SUMMARY: AddressSanitizer: heap-buffer-overflow ../../../../src/libsanitizer/sanitizer_common/sanitizer_common_interceptors.inc:827 in __interceptor_memcpy
Shadow bytes around the buggy address:
  0x0feda22358a0: fa fa fa fa fa fa fa fa fa fa fa fa fa fa fa fa
  0x0feda22358b0: fa fa fa fa fa fa fa fa fa fa fa fa fa fa fa fa
  0x0feda22358c0: fa fa fa fa fa fa fa fa fa fa fa fa fa fa fa fa
  0x0feda22358d0: fa fa fa fa fa fa fa fa fa fa fa fa fa fa fa fa
  0x0feda22358e0: fa fa fa fa fa fa fa fa fa fa fa fa fa fa fa fa
=>0x0feda22358f0: fa[fa]fa fa fa fa fa fa fa fa fa fa fa fa fa fa
  0x0feda2235900: 00 00 00 00 00 00 00 00 00 00 00 00 00 00 00 00
  0x0feda2235910: 00 00 00 00 00 00 00 00 00 00 00 00 00 00 00 00
  0x0feda2235920: 00 00 00 00 00 00 00 00 00 00 00 00 00 00 00 00
  0x0feda2235930: 00 00 00 00 00 00 00 00 00 00 00 00 00 00 00 00
  0x0feda2235940: 00 00 00 00 00 00 00 00 00 00 00 00 00 00 00 00
Shadow byte legend (one shadow byte represents 8 application bytes):
  Addressable:           00
  Partially addressable: 01 02 03 04 05 06 07 
  Heap left redzone:       fa
  Freed heap region:       fd
  Stack left redzone:      f1
  Stack mid redzone:       f2
  Stack right redzone:     f3
  Stack after return:      f5
  Stack use after scope:   f8
  Global redzone:          f9
  Global init order:       f6
  Poisoned by user:        f7
  Container overflow:      fc
  Array cookie:            ac
  Intra object redzone:    bb
  ASan internal:           fe
  Left alloca redzone:     ca
  Right alloca redzone:    cb
  Shadow gap:              cc
==74412==ABORTING

It is caused by this function. https://github.com/justdan96/tsMuxer/blob/5f43ab2a45482ad448524dc61a1ab7204ca8849d/tsMuxer/ioContextDemuxer.cpp#L121-L158 In IOContextDemuxer::skip_bytes(const int64_t size), unlike get_buffer, the type around copyLen is performed in int64_t.
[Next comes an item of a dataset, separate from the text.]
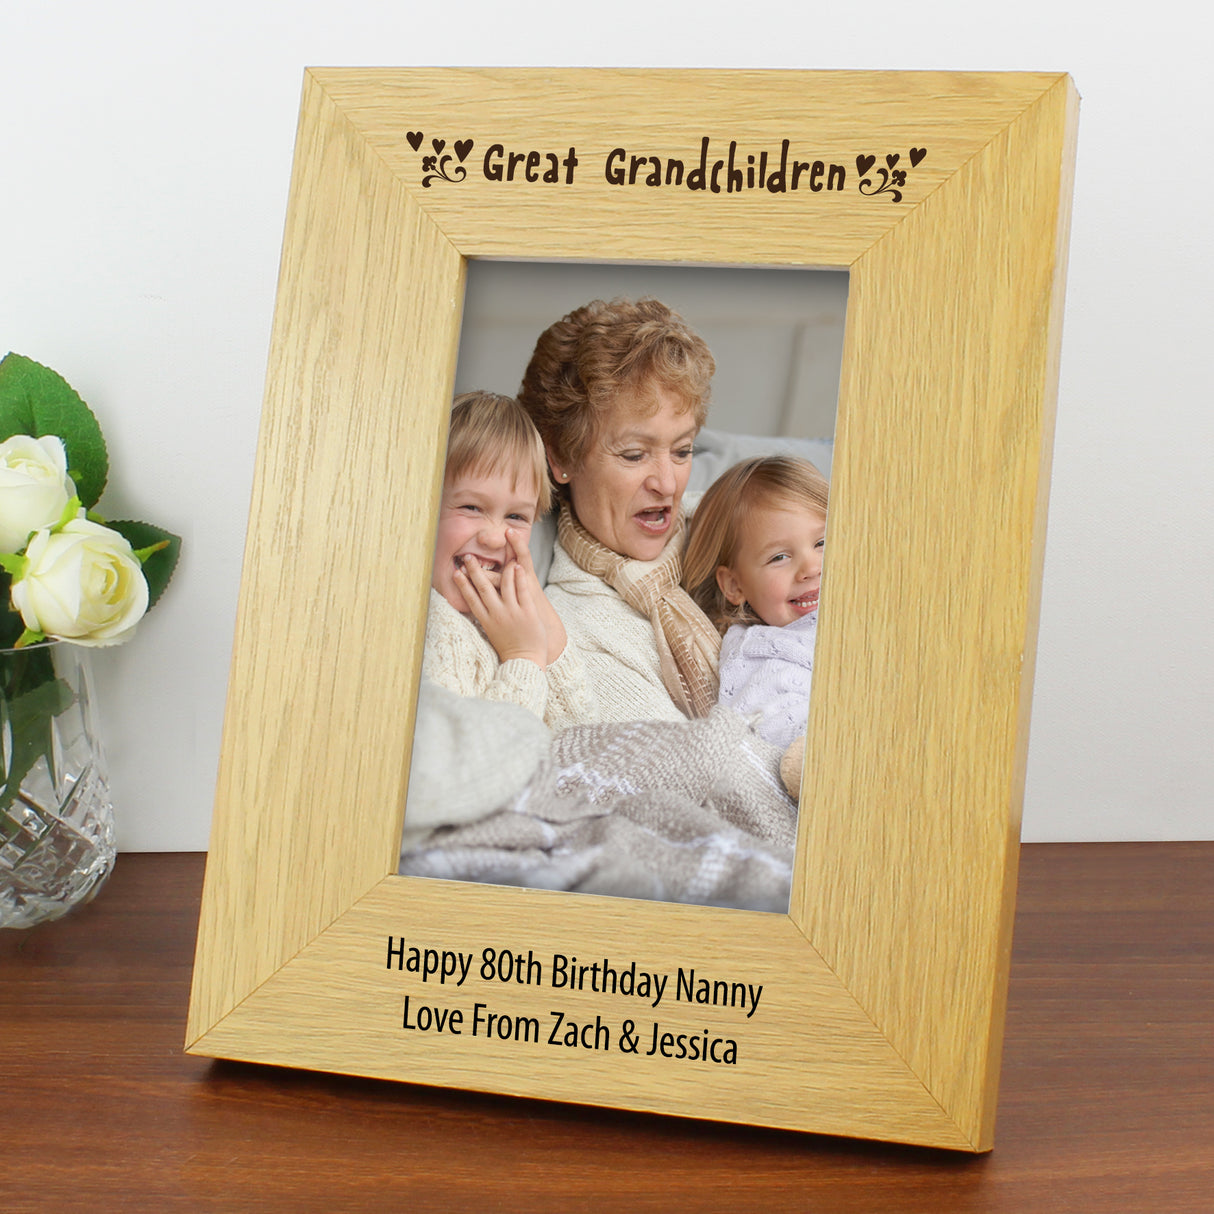 Personalised Great Grandchildren 6x4 Oak Finish Photo Frame

This allows passing any negative number as the value returned by the result of the min macro, and there is a buffer under-read that can memcpy data from the memory area by subtracting m_curPos as desired based on this value.

Ricerca Security, Inc.

[iwashiira]

Looking at the commit history, skipLeft and size originally used uint64_t, but this commit changes them from uint64_t to int64_t. https://github.com/justdan96/tsMuxer/commit/37f4eb5fa0f0861704786e6367987a1923477735

Depending on the intent of this change, it may be better to consider a different mitigation.